Once you put those into the config file, update you boot archive and reboot. You should be set… except the iommu support in Illumos is… shall we say… poor.

(I should point out that it is possible for the BIOS to enable x2APIC mode before handing control off to the OS. This is pretty rare unless you have a really big x86 system.)

#### 1394

It would seem that the hci1394 driver doesn’t quite know how to deal with an iommu “messing” with its I/Os and its interrupt service routine shuts down the driver. (On a debug build it throws is ASSERT(0) for good measure.) I just disabled 1394 in the BIOS since I don’t have any Firewire devices handy and therefore no use for the port at the moment.

#### immu-enable Details

In case you want to know how iommu initialization affects the apix initialization…

During boot, immu_init gets called to initialize iommus.
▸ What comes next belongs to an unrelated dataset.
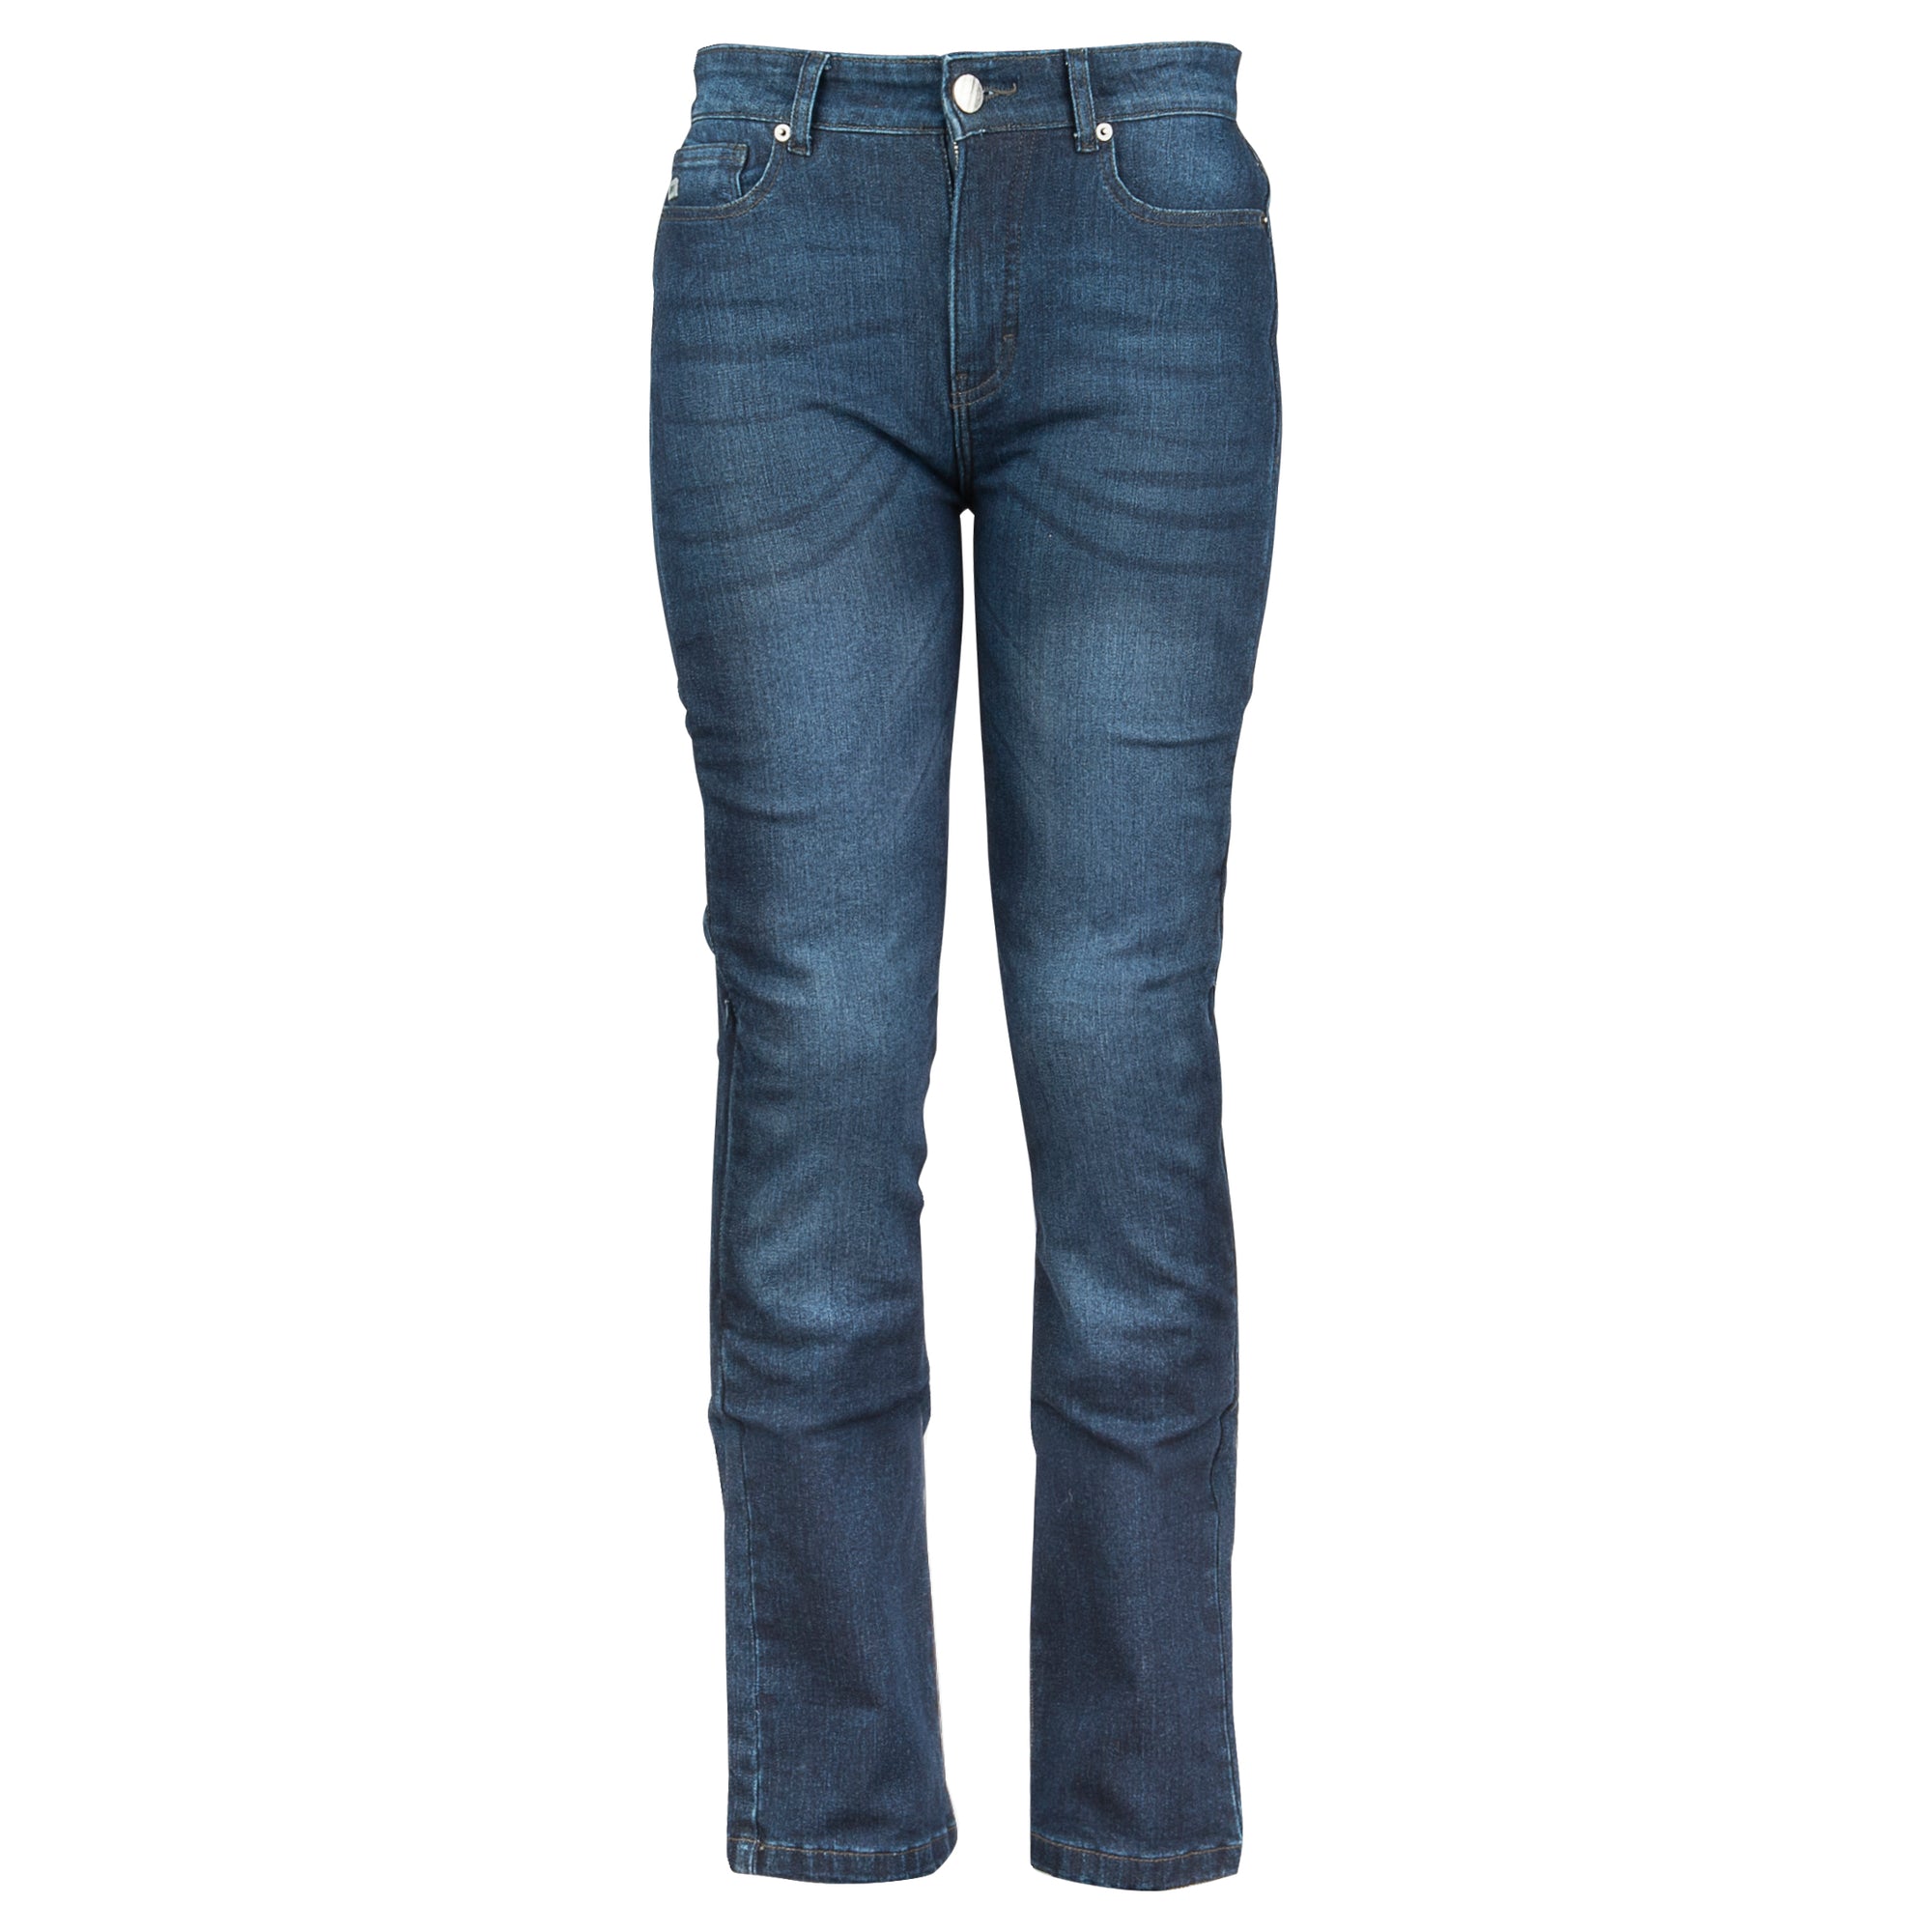 Womens Duty Pants - Women's Side-Pocket Rayon Pants - 8980W - Blauer

If the config option (immu-enable) is not true, the function just returns instead of calling immu_subsystems_setup which calls immu_intrmap_setup which sets psm_vt_ops to non-NULL value.

Later on, when apix is loaded and is initializing itself in apix_picinit, it calls apic_intrmap_init. This function does nothing if psm_vt_ops are NULL.

### The Hang

I might as well tell you a bit about my progress on tracking down the hang. It happens only if I’m using the apix module and I allow deep C states in the idle thread (technically, it could also be an mwait related issue since I cannot disable just mwait without disabling deep C states). It does not matter if the apic_mode is LOCAL_APIC or LOCAL_X2APIC.